The center will accommodate the ever-growing pediatric pulmonary division. "Interest in the medicine and biology of the lung has exploded in the last few decades," says Dr. Robert B. Mellins, professor of pediatrics and director of the pediatric pulmonary division. "The lungs do more than just breathe. They contain more than 40 different cell types, which have a lot to do with controlling and protecting other systems of the body."
With the recent emphasis on outpatient care and the subsequent evolution of home care, many patients who traditionally were hospitalized--including patients with cystic fibrosis or asthma--now receive specialized treatment at home. As a result, the patients being hospitalized often have much more severe diseases and require complex care, often delivered in an intensive care unit. Even when these patients' primary illness is not related to the lungs, they may develop various pulmonary problems that pulmonologists must diagnose and manage. P&S investigators are studying the pulmonary aspects of diseases such as sickle cell, HIV/AIDS, pulmonary hypertension, chest wall abnormalities, congenital diaphragmatic hernia, and heart transplants in collaboration with faculty from other divisions.

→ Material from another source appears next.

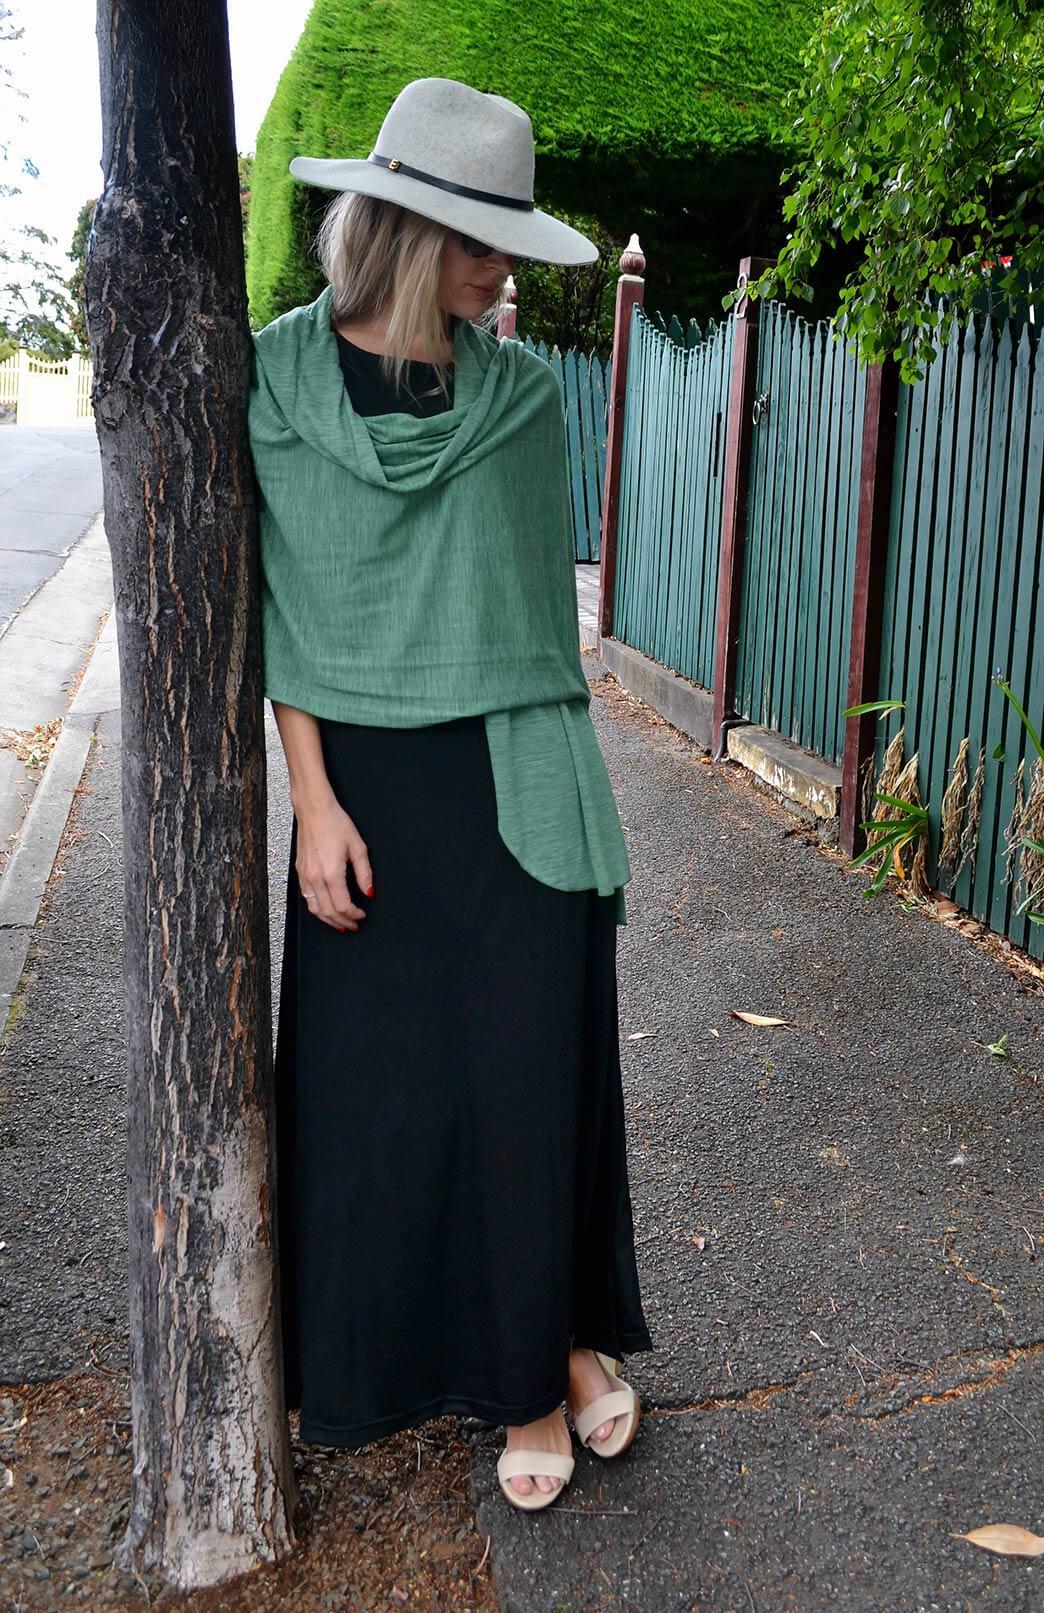 cd494428d3825 Scarves - Lightweight - Women s Superfine Merino Wool   Modal Blend Classic  Wide Scarf - Smitten

Recent advances in organ transplantation also have an impact on pulmonary illnesses. Organ transplants can now aid people with otherwise fatal illnesses, such as terminal CF, severe pulmonary hypertension, or severe congenital lung disorders. Transplantation makes up a significant part of the clinical activities of the pulmonary division.
Physicians in the pediatric pulmonary division also rely on bronchoscopy to help detect abnormalities in the lungs and airways of infants and children. Flexible fiberoptic bronchoscopy is a relatively non-invasive diagnostic or therapeutic procedure that has provided a quick, safe, and reliable alternative to more invasive and costly procedures.
Another area of increasing importance is the treatment of asthma. Many people see asthma as an episodic disease, to be attended to only when it results in an asthma attack or crisis. But increasingly, studies show that asthma is a chronic inflammatory lung disease and that managing asthma via a daily self-treatment program can prevent it from developing into a life-threatening crisis. "In a disease like asthma, people who manage their disease well can win Olympic medals. People who manage their disease poorly can end up in a medical catastrophe," says Dr. Mellins.
To help promote proper management of asthma in children, P&S researchers developed the Open Airways health education programs for children with asthma. The American Lung Association now distributes the program to schools nationwide.
The new center also will be home to research and treatment facilities for cystic fibrosis, continuing the historical role P&S has played at the forefront of CF research. For instance, clinical trials begin this fall on the use of meropenem, an antibiotic that treats the pulmonary exacerbations of CF. Researchers also are set to test the efficacy of Pulmozyme, an FDA-approved drug for older patients and young adults, in young children.
Laboratory science in the center is especially concerned with the development of airway branching and of blood vessels in the lungs. This research may someday lead to a greater understanding of congenital malformations of the lung, alterations in lung growth that result from diseases early in life, and the complications of ventilation and oxygen therapy.